Using the listing below, please print exactly the lines from the one with "Gesetzblatt (GBl.) der" through the one with "Hackers aproveitam atualização". Leave out every picture.

Data supplied →

————————

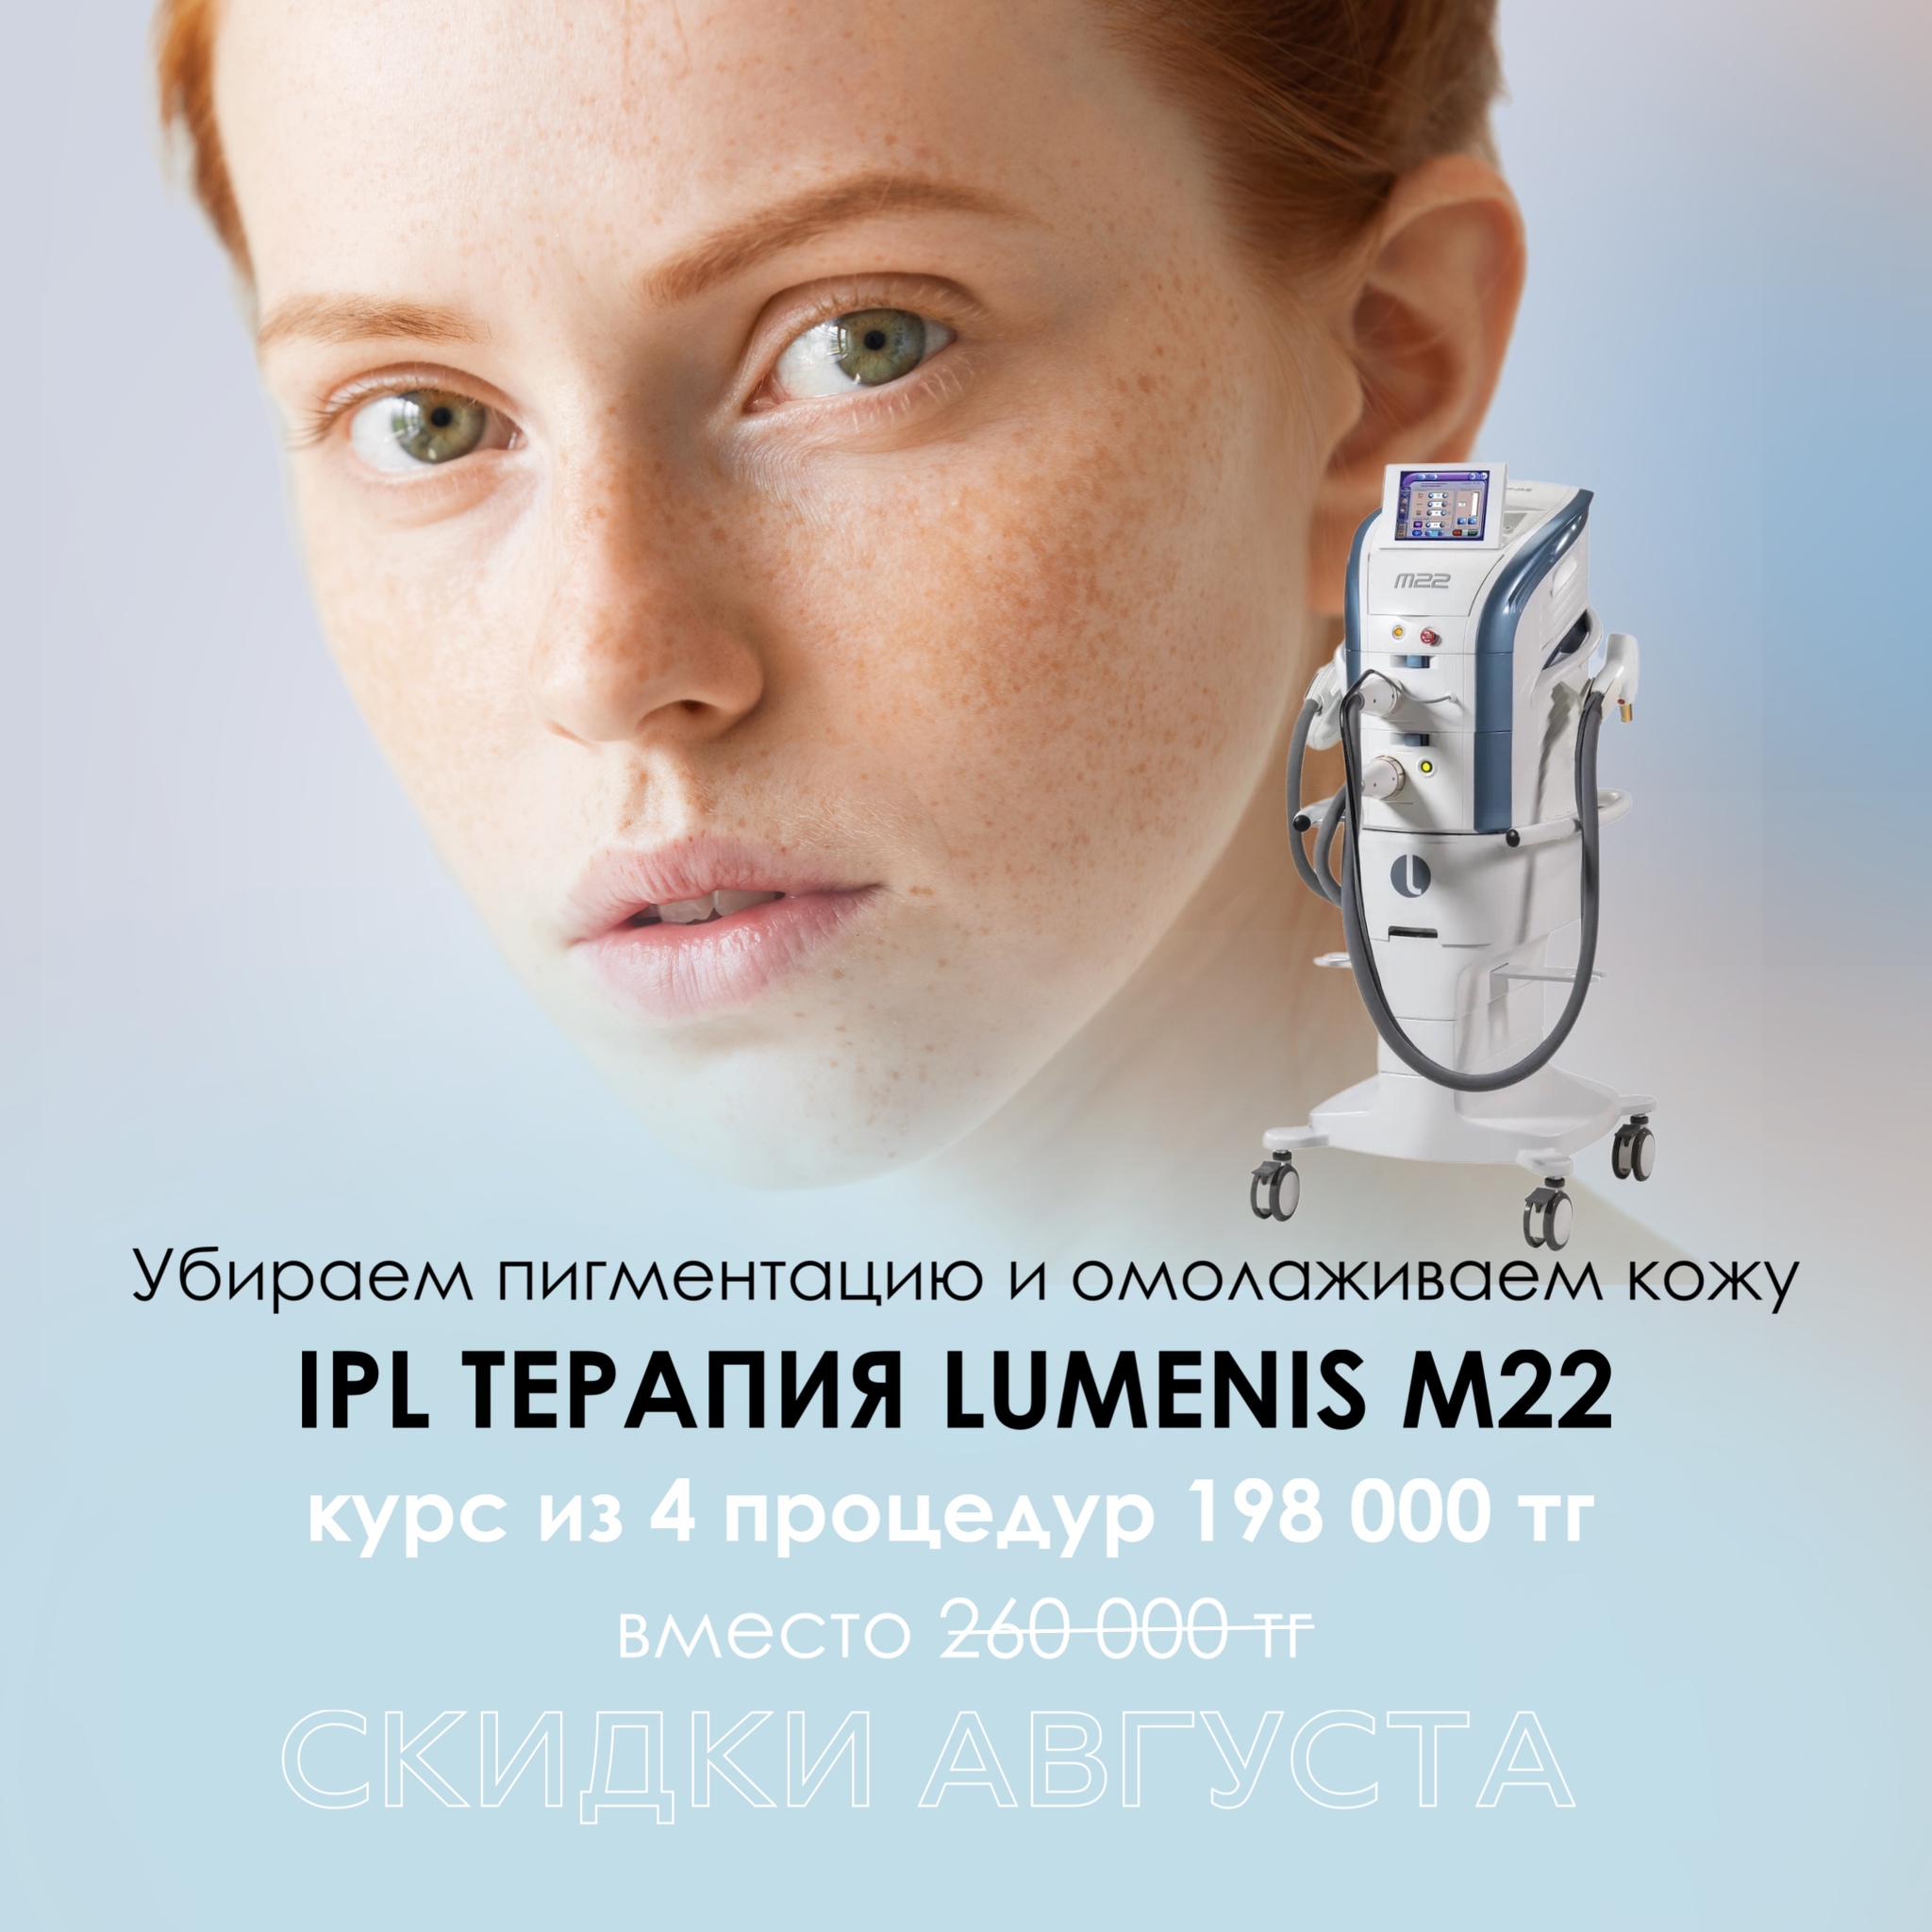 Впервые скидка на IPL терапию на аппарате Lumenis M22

————————

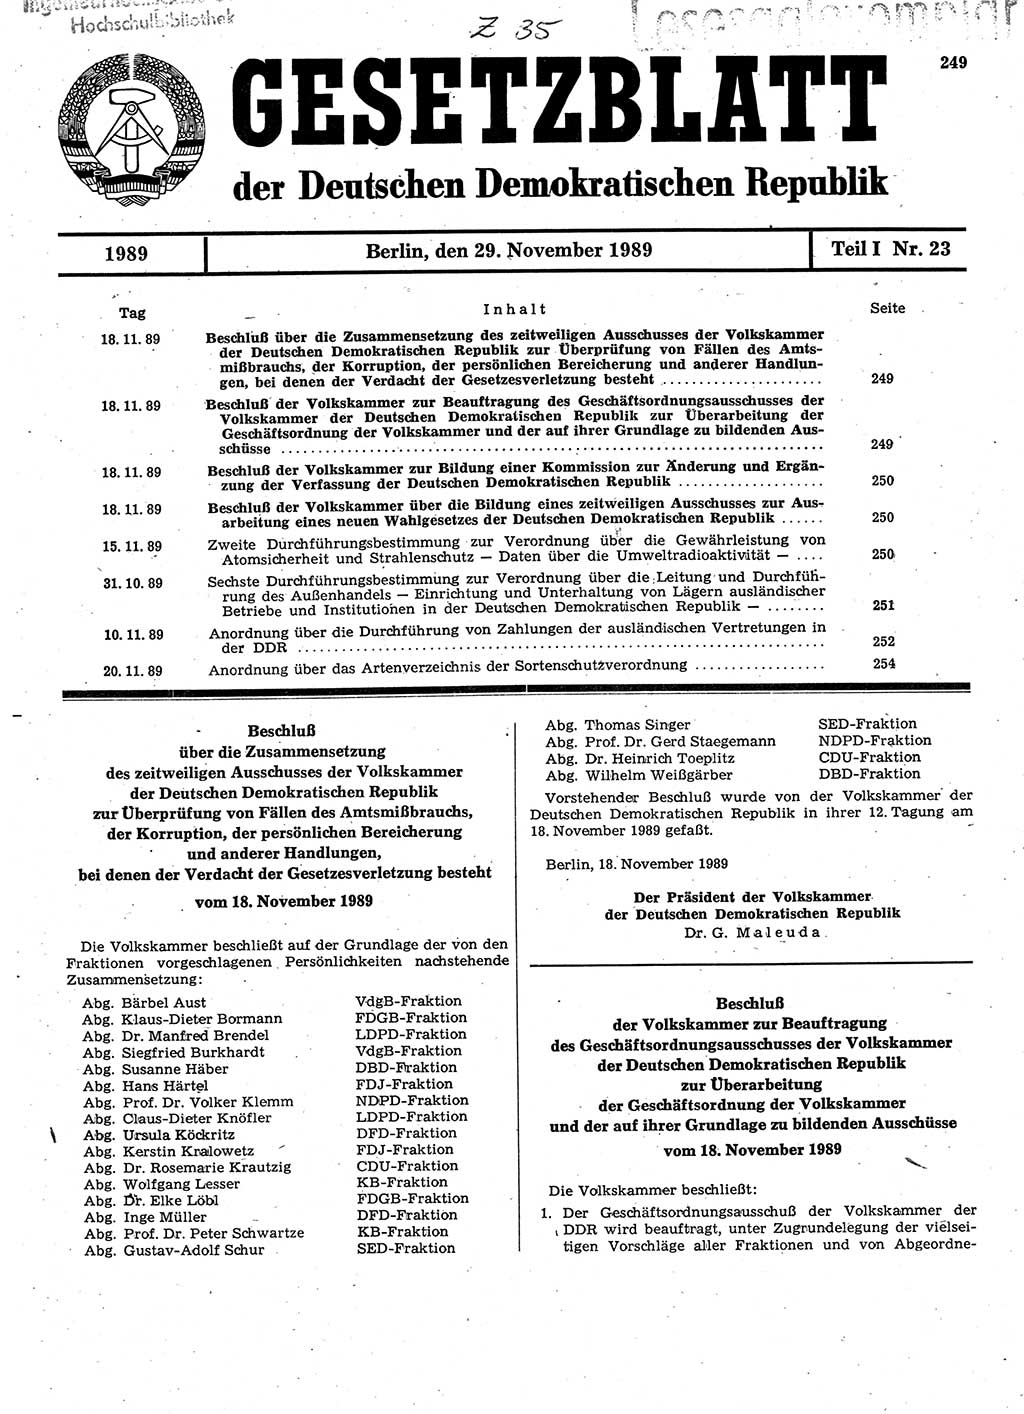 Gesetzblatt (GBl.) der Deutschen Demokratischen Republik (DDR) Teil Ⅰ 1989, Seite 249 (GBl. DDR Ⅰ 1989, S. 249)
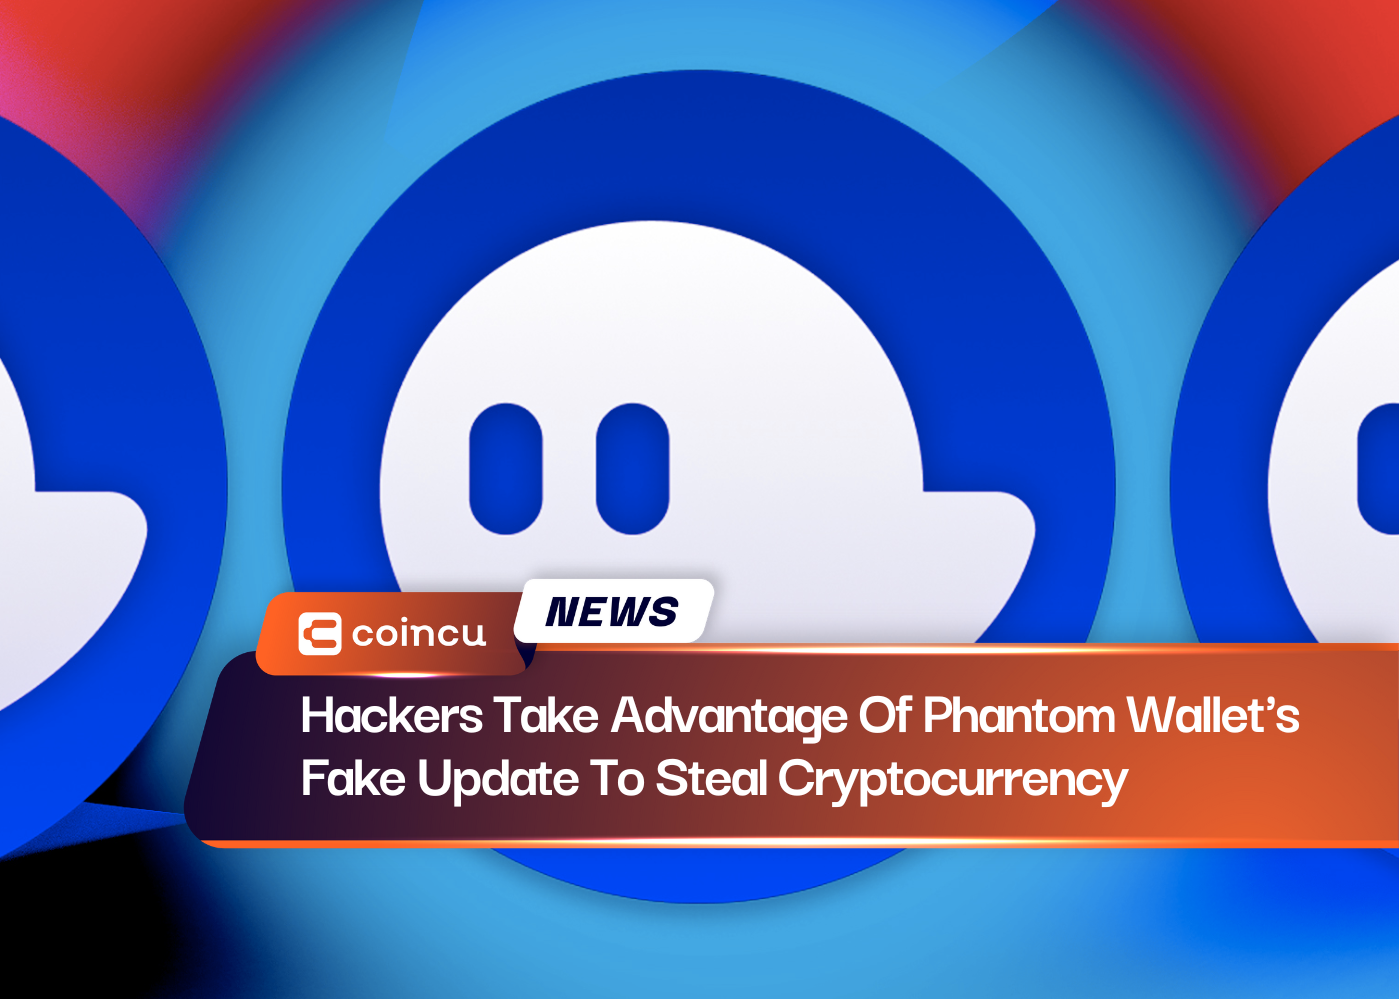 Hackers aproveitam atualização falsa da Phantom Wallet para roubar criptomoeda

————————

Output for this task →
 Gesetzblatt (GBl.) der Deutschen Demokratischen Republik (DDR) Teil Ⅰ 1989, Seite 249 (GBl. DDR Ⅰ 1989, S. 249)
 Hackers aproveitam atualização falsa da Phantom Wallet para roubar criptomoeda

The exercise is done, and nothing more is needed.